What are the Basics?

Introduction to statistics typically address the following (Raykov & Marcouides, 2013):

  • Why understanding statistics and graphic organizers is important
  • Understanding mean, mode, median (central tendency)
  • Understanding standard deviation
  • How to interpret graphs, charts, and tables
  • How to identify variables and assess their impact
  • How to understand correlations
  • How to understand and generate a hypothesis
  • Identify methods of gathering data and appropriate applications

When Should Instructors Teach Statistics?

Statistical information and representations are found in all disciplines. They routinely appear in scholarly reading in STEM fields, health sciences, social sciences, and economics. To determine whether students in your class will benefit from explicit instruction on statistics and understanding statistical representations, and to integrate skill-building into courses, instructors may take the following steps:

  1. Preview the assigned reading material and identify where students will encounter statistics and statistical representations, and anticipate whether or not these elements may be problematic for students
  2. Ask students whether they understand statistics and the way data is represented in their assignments, and determine whether their ability to put the data into their own words is sufficient or deficient
  3. Develop exercises and class activities that strengthen students' skills to interpret statistics and statistical representation
  4. Reinforce student learning by administering abundant formative assessments of their work

Sample Exercises

Case Study: The Grading System

A student became very distressed and angry when she learned that her instructor, Professor Owens, was going to assign test grades based on a point-percentage system whereby 97% and up was an “A+,” 94-96% was an “A,” 90-93% was an “A-,” and so forth. The student complained, “None of my other instructors do it this way. You should curve everything so that the grades reflect the students’ level of learning.”

The professor replied, “Are you asking me to grade things on a class bell curve?”

The student said, “Yes, I think that is the only fair way to grade.”

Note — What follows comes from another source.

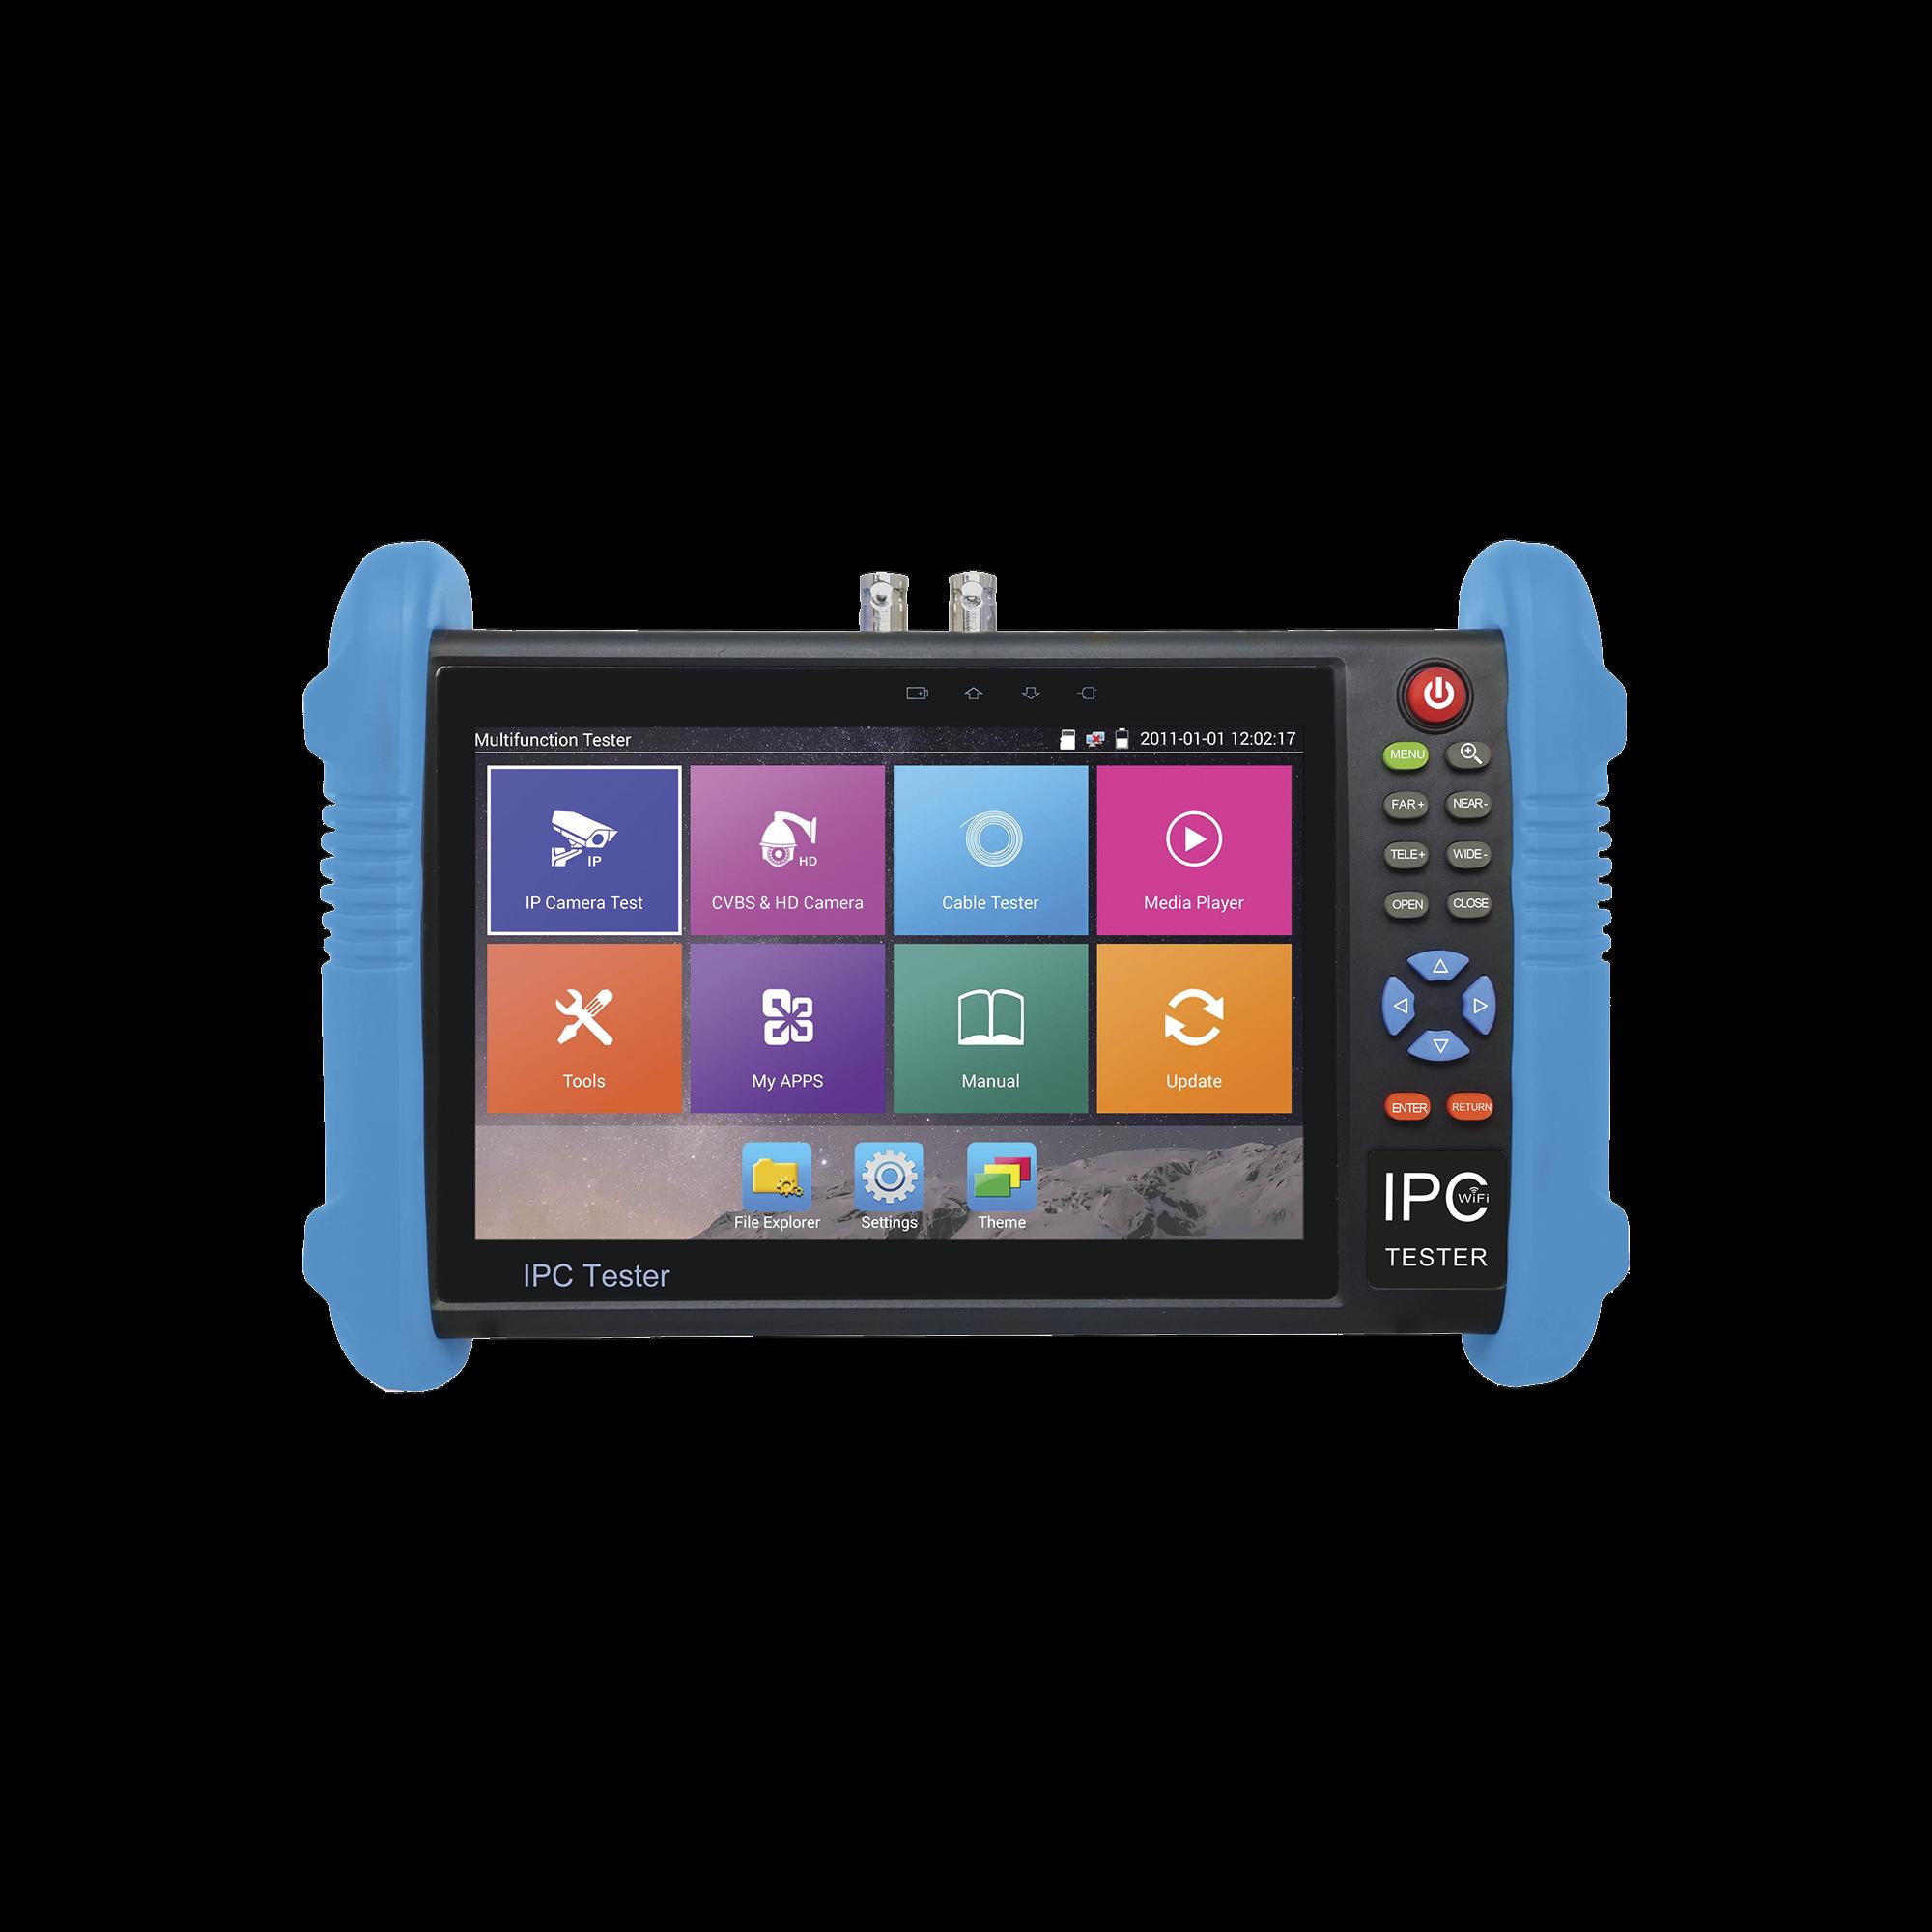 Probador de Vídeo Android con Pantalla LCD de 7 para IP ONVIF / HD-TVI (8MP), HD-CVI (8MP) y AHD (5MP) / Wi-Fi, Scanner IP, WiFi, entrada HDMI
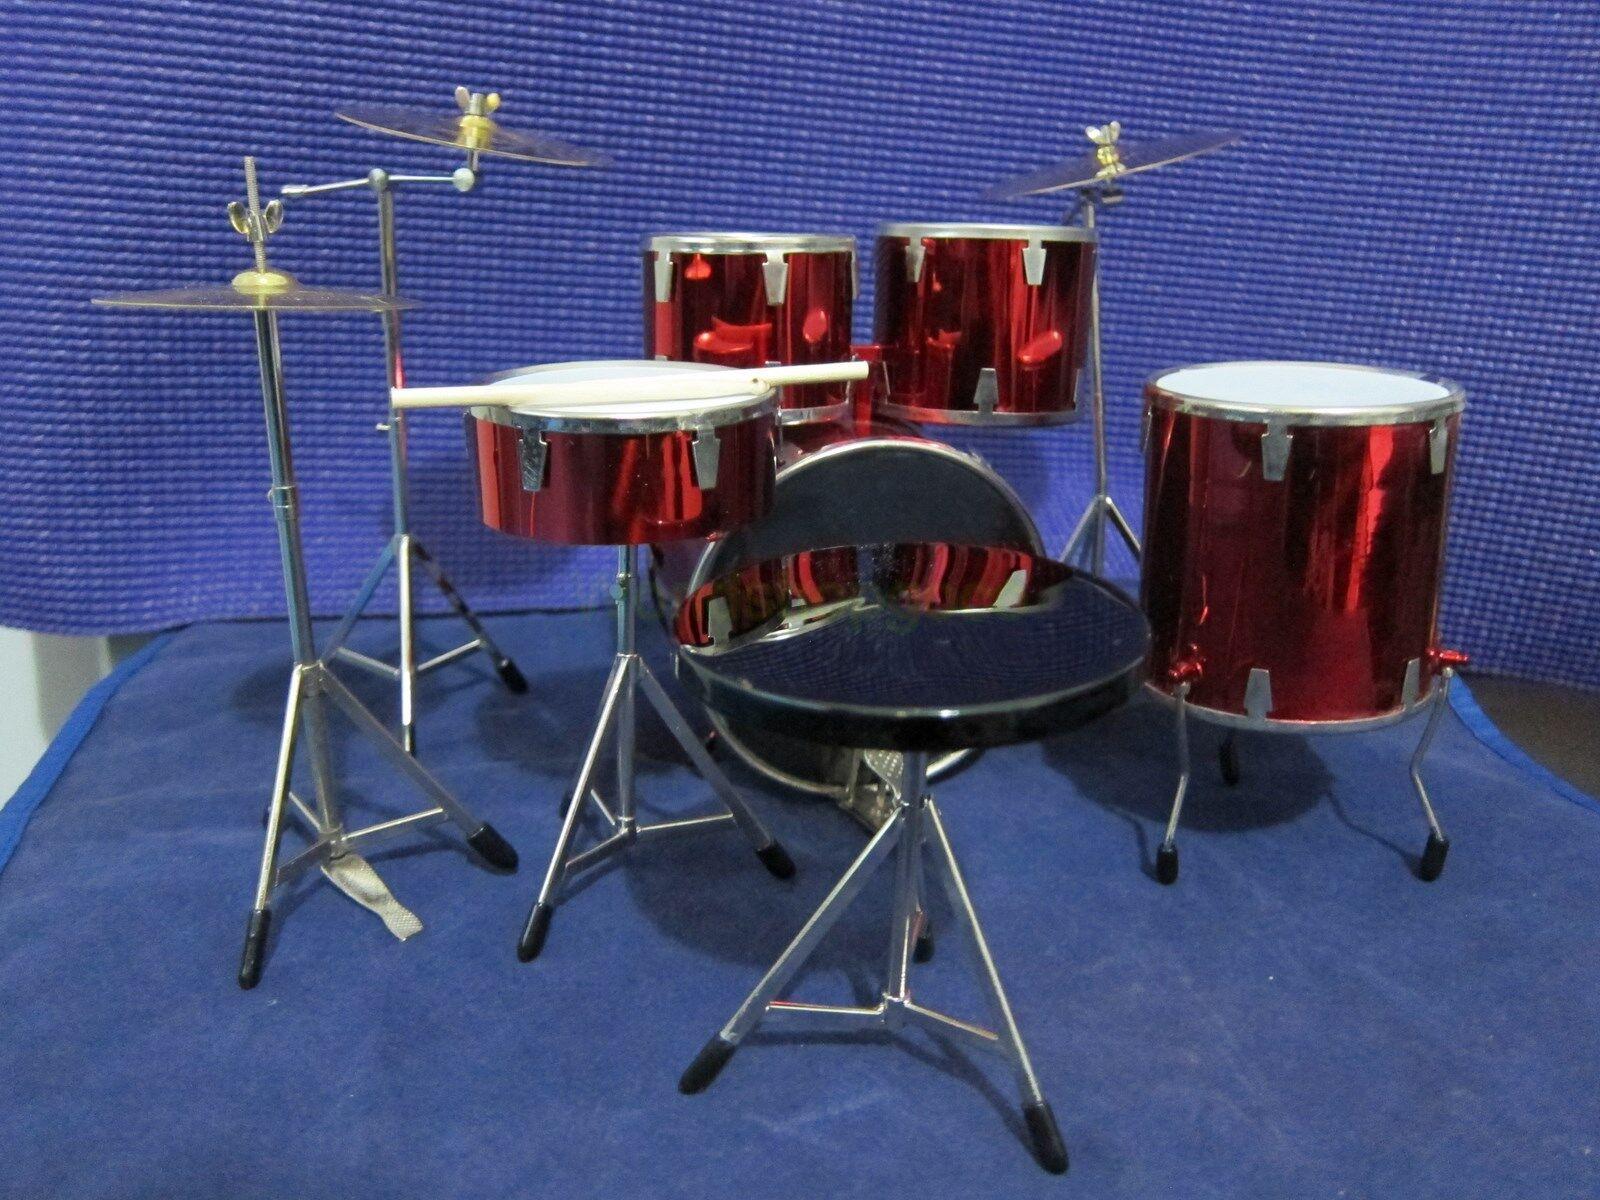 1 6 Scale rouge Drum  Set Musical InstruHommest for 12  Action figure  économiser sur le dédouanement

The professor confirmed that the student wanted grades to land along a curve, wherein just as many scores were above average as they were below average. She then conducted an analysis and found that 31 students took an exam worth 100 points, and that the scores were as follows from highest to lowest: 98. 98, 98, 97, 96, 96, 82, 80, 74, 70, 70, 69, 69, 69, 68, 68, 67, 66, 63, 63, 63, 63, 58, 53, 53, 52, 50, 49, 49, 48, 44.

The mean score was 69, mode of 63, and median 68. She produced a bell curve based on a normal distribution, with 69 as the average score. Using confidence intervals in a normal distribution, whereby 68.3% of the sample population (the professor’s 31 students who took the test) is captured by scores ranging from 85 to 52.               

The professor then pointed out that if the bell curve were used, she would have to award passing grades to students who got less than one half the material correct on the test. She felt that giving students passing grades for mediocre work was not appropriate, especially since the professional community and employers are counting on the professor to maintain high standards of knowledge and skill.

Instructional Suggestions

  • Clearly communicate grading system in the syllabus and present  a rationale
  • Take class time to review the concepts of central tendency  (mean, mode, median), standard deviation, and normal distribution
  • Facilitate class discussion about the advantages and disadvantages of using a bell curve to represent grades and to “norm” human behavior

The Teacher's Teacher

A student aspiring to be a school administrator submitted a research paper to his instructor who awarded the essay with a “C.” Frustrated, the student claimed that the report was thorough, accurate, well-organized, and well-documented. The instructor disagreed, and pointed to a graph entitled: “National 8th Grade Reading Scores, 2007-2015,” which appeared as follows:

National Assessment of Educational Progress. (2015). http://www.nationsreportcard.gov/reading_math_2015/#reading/scores?grade=8.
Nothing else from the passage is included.